By getting into machine or deep learning I mean building upto a stage to do ML/DL research. Applied research or core theory of ML/DL research. Ofcourse, the path to both will quite different.
Standing in 2022, what are the best resources for a CS student/decent programmer to get into the field of ML and DL on their own. Resources can be both books or public courses.
The target ability:
1. To understand the theory behind the algorithms
2. To implement an algorithm on a dataset of choice. (Data cleaning and management should also be learned)
3. Read research publications and try to implement them.
1) Get some statistics/probability basics. It's full of people (you can see a lot of analyses on Kaggle) that "do machine learning" but make very silly mistakes (e.g. turn categorical data into a float and use it as a continuous variable when training a model).
2) take a look at traditional machine learning approaches. Nowadays you're swamped by DL (a lot of good suggestions on this thread, I won't chime in), and you miss the fact that, sometimes, a simple decision tree, or dimensionality reduction approaches (e.g. PCA or ICA) can yield an incredible value in a very short time on huge datasets.

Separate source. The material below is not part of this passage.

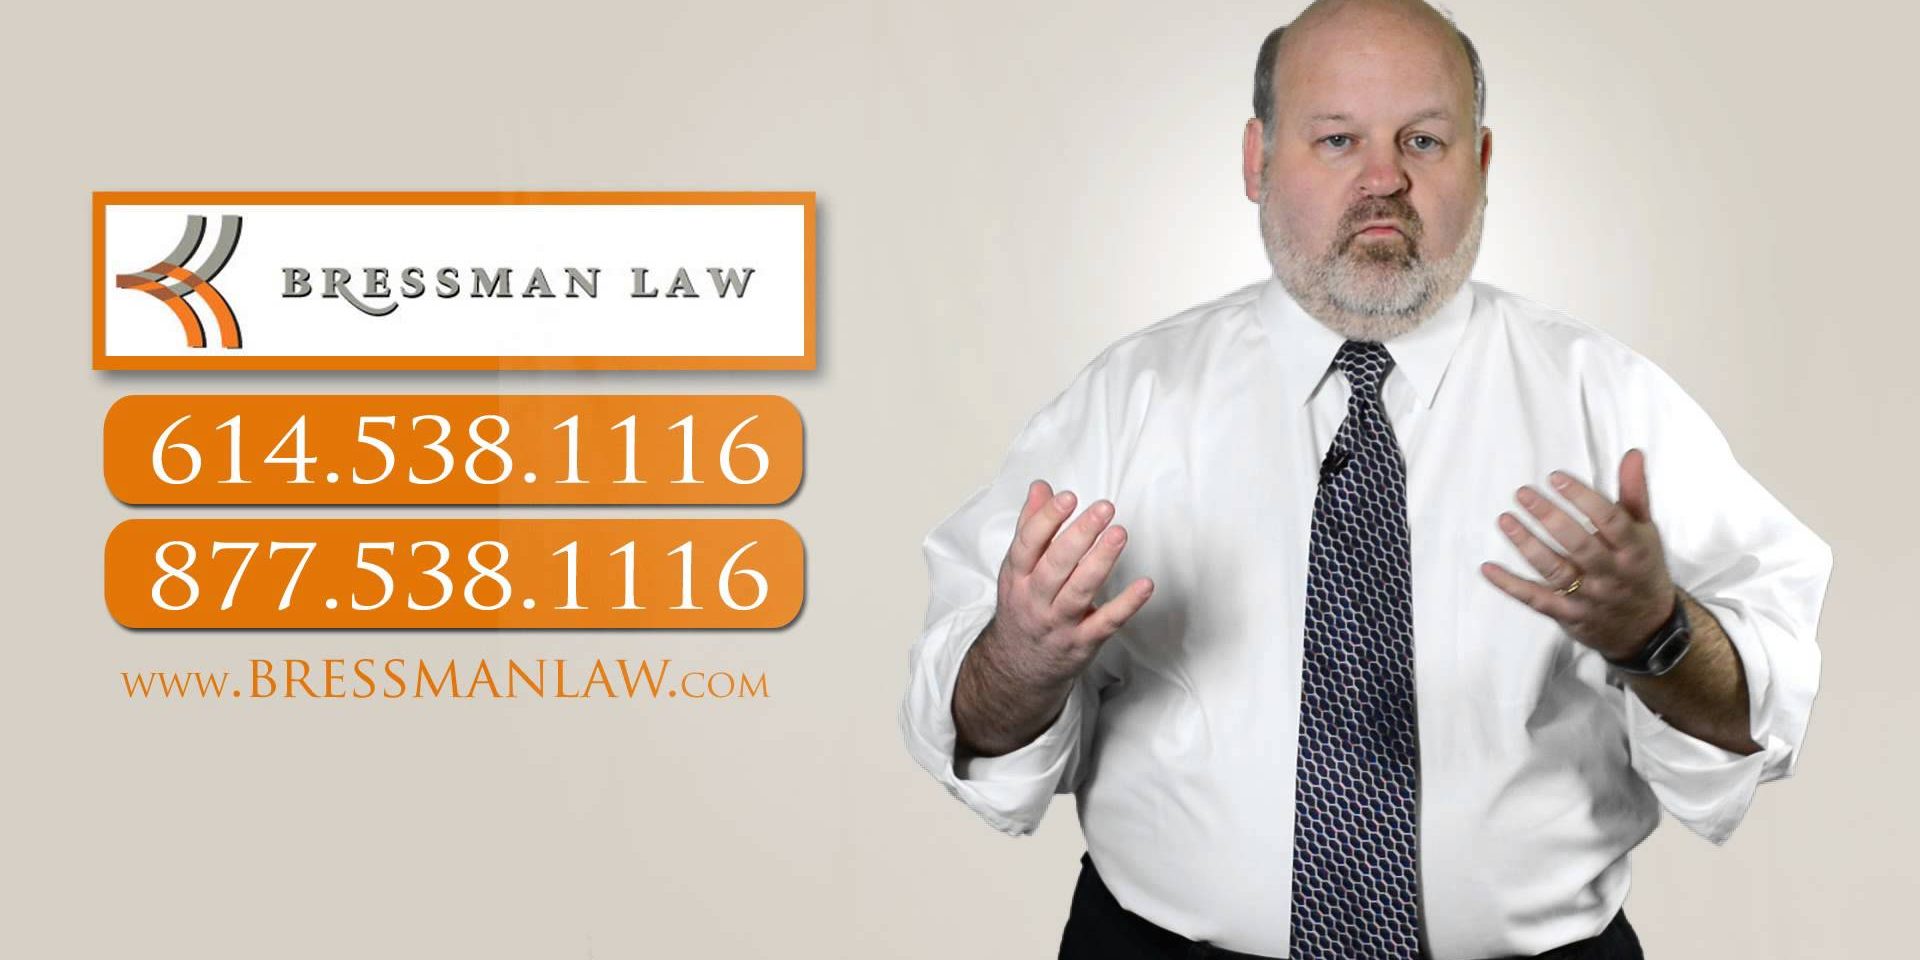 Bressman-Law

I had written a fairly short post about it when I finished my georgia tech path https://www.franzoni.eu/machine-learning-a-sound-primer/
3) It can take a lot of time to become effective in ML, effective as in, what you _manually create_ is as effective as picking an existing trained model, fine tune it, and use it. This can be frustrating: low hanging fruits are pretty powerful and you don't need to understand a lot about ML algorithms to pick them up.
4) Consider MOOCs or online classes. I took Georgia Tech OMSCS, I can vouch for it and some classes force you to be a data scientist and read papers as well, and you can have "real world" recognition and discuss with your peers, which is useful!